Au-delà de l’Europe, c’est le meilleur exemple de coopération internationale, l’ISS, qui est menacée. L’administration Biden a assumé le 24 février prendre un train de sanctions pour entraver les progrès technologiques de la Russie à l’avenir. Une décision peu appréciée par le provoquant Dmitri Rogozine, directeur de Rocosmos.

Dans une série de tweets au ton acerbe, il a fait remarquer que si les sanctions américaines allaient entraver l’aérospatiale russe, l’ISS en serait la première victime. Le vaisseau cargo russe Progress s’occupe de corriger l’altitude et les déplacements de la station pour éviter les débris ou d’être trop bas.

Dmitri Rogozine pose la question, « Si vous bloquez la coopération avec nous, qui sauvera l’ISS d’une désorbitation incontrôlée et tombera aux États-Unis ou L’Europe ? ». Le dirigeant russe est allé jusqu’à proposer aux autorités américaines de vérifier si les responsables ayant pris des sanctions n’étaient pas victimes d’Alzheimer, « Juste au cas où. Pour éviter que vos sanctions ne vous tombent sur la tête. Et pas seulement au sens figuré ».

Un ancien haut responsable de la NASA, Wayne Hale, a confirmé à The Verge le scénario, mais il estime que cela prendra « probablement plusieurs années », de quoi trouver une solution.
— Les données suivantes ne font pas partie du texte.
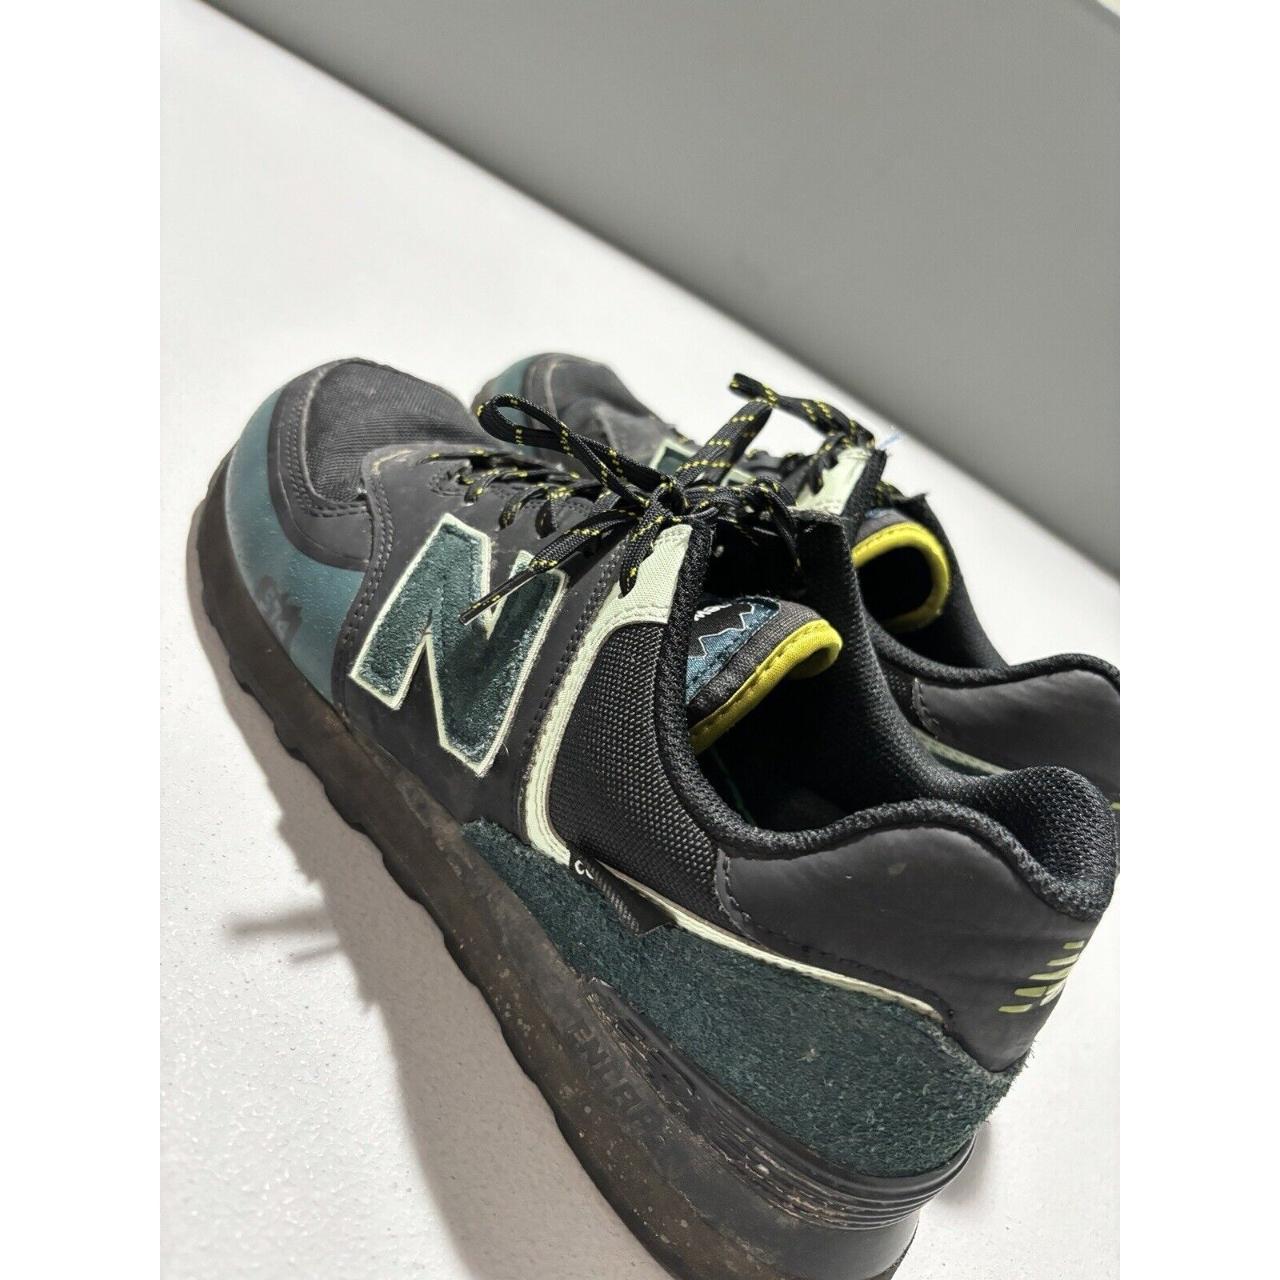 New Balance Men's Green and Black Trainers

Il n’empêche, une rupture entre Rocosmos et les autres agences de l’ISS, la NASA, l’ESA, le Japon, le Canada, poserait bien d’autres difficultés.

De 2011 à mai 2020, Soyouz a été la seule fusée à envoyer des astronautes sur l’ISS. Lorsqu’en 2014 les Américains ont pris des sanctions contre la Russie, pour l’invasion de la Crimée, Dmitri Rogozine, déjà, alors vice-président du gouvernement russe chargé défense et de l’industrie spatiale, leur avait proposé de se rendre sur l’ISS en trampoline.
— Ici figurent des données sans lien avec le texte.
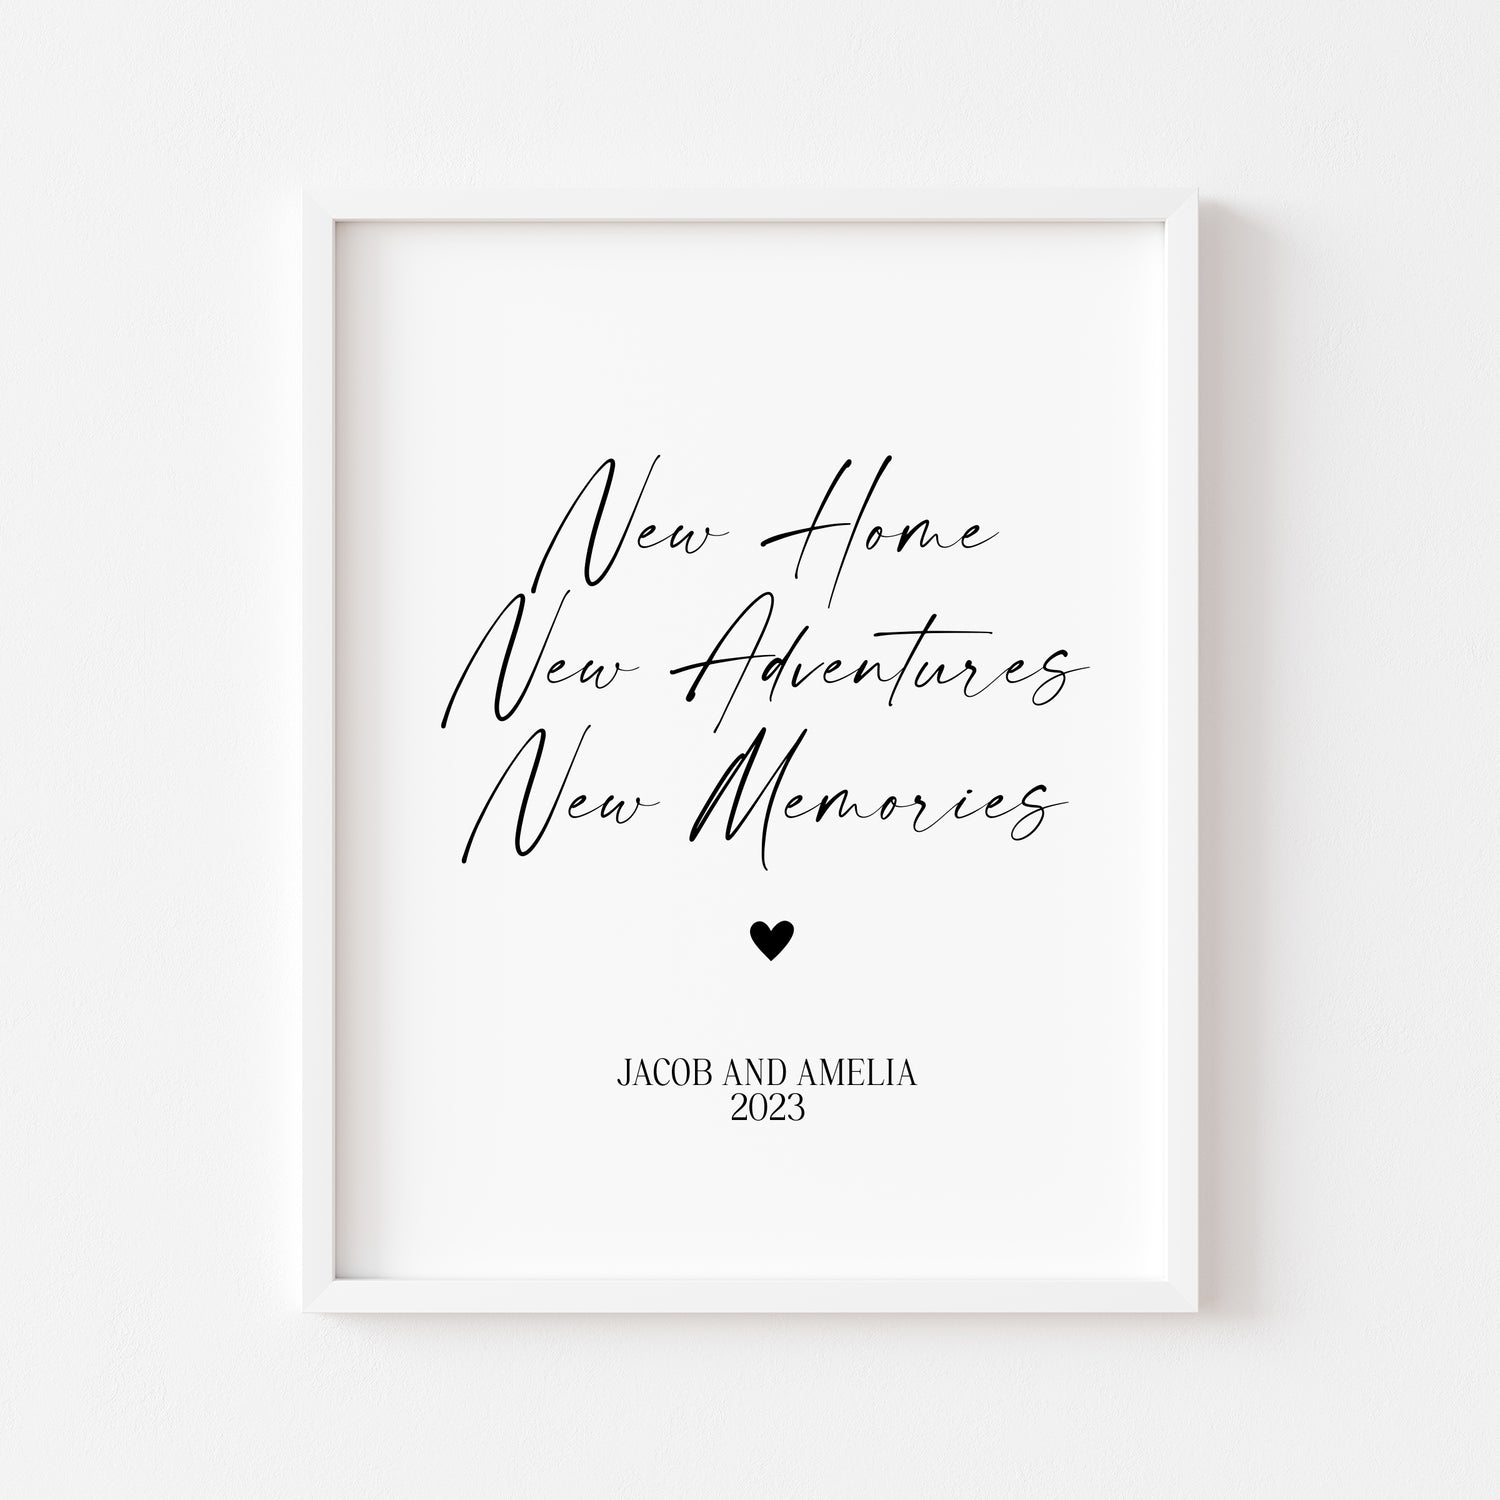 PERSONALISED PRINTS & GIFT IDEAS

Un terme que n’a pas manqué de reprendre Elon Musk lorsque Space X a envoyé pour la première fois des astronautes sur l’ISS, en mai 2020. Soyouz continue toutefois d’apporter ou ramener des astronautes et du ravitaillement sur la station. Trois d’entre eux doivent s’envoler le 18 mars et trois autres rentrer le 30 mars ainsi. La Russie a installé de nombreux modules de l’ISS, dont les deux derniers, en 2021.
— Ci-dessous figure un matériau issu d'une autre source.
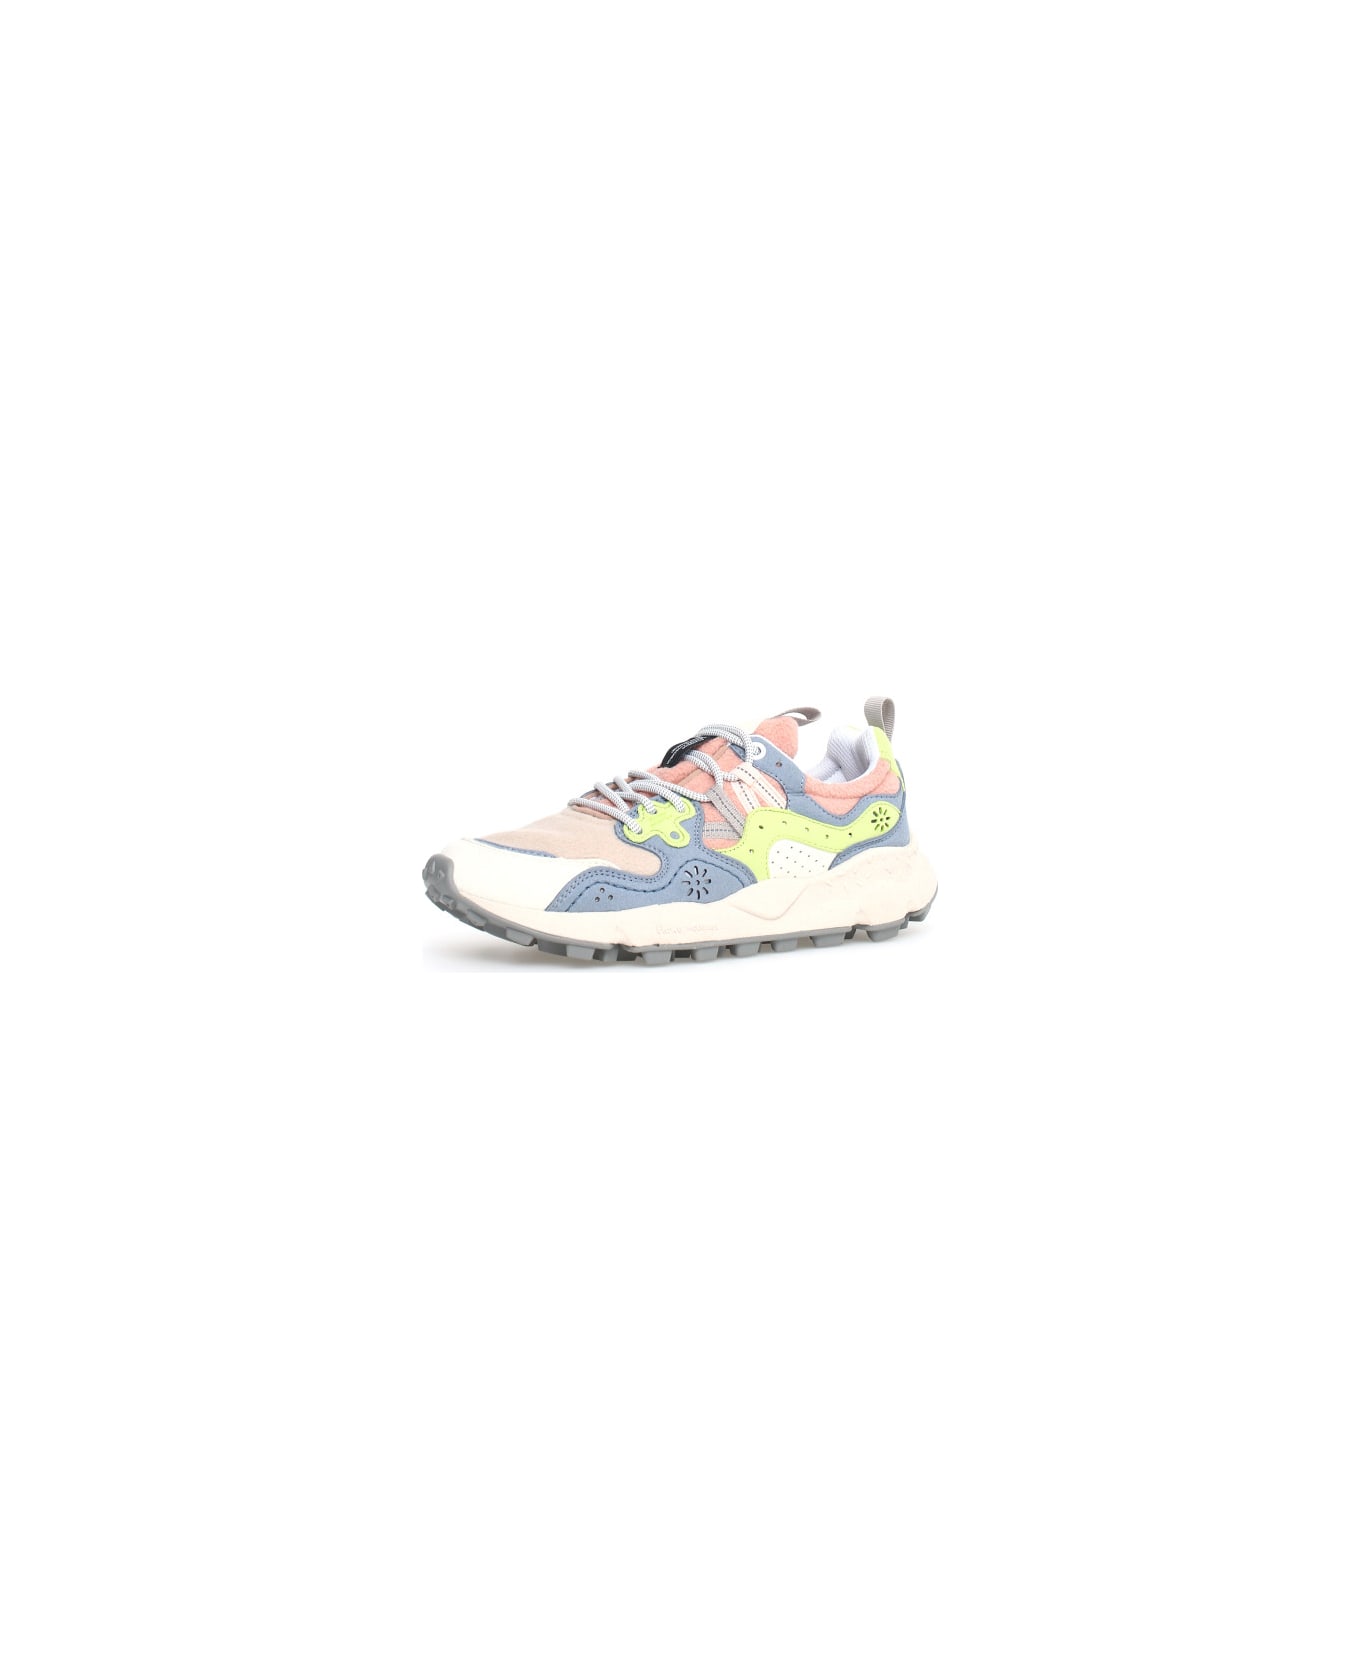 Flower Mountain Sneakers Yamano 3 - Multicolor スニーカー

La Russie a décidé d’exclure la NASA d’un programme conjoint d’exploration de Vénus, Venera-D. Pour l’ISS, occidentaux et russes semblent condamnés à coopérer. Pour le moment, d’après The Verge c’est la position adoptée par toutes les parties. Il faut espérer que dans cette période de tension extrême, l’ISS à défaut de l’espace reste loin des contingences terrestres. Il y a actuellement sept astronautes sur la station, quatre Américains, deux Russes et un Allemand.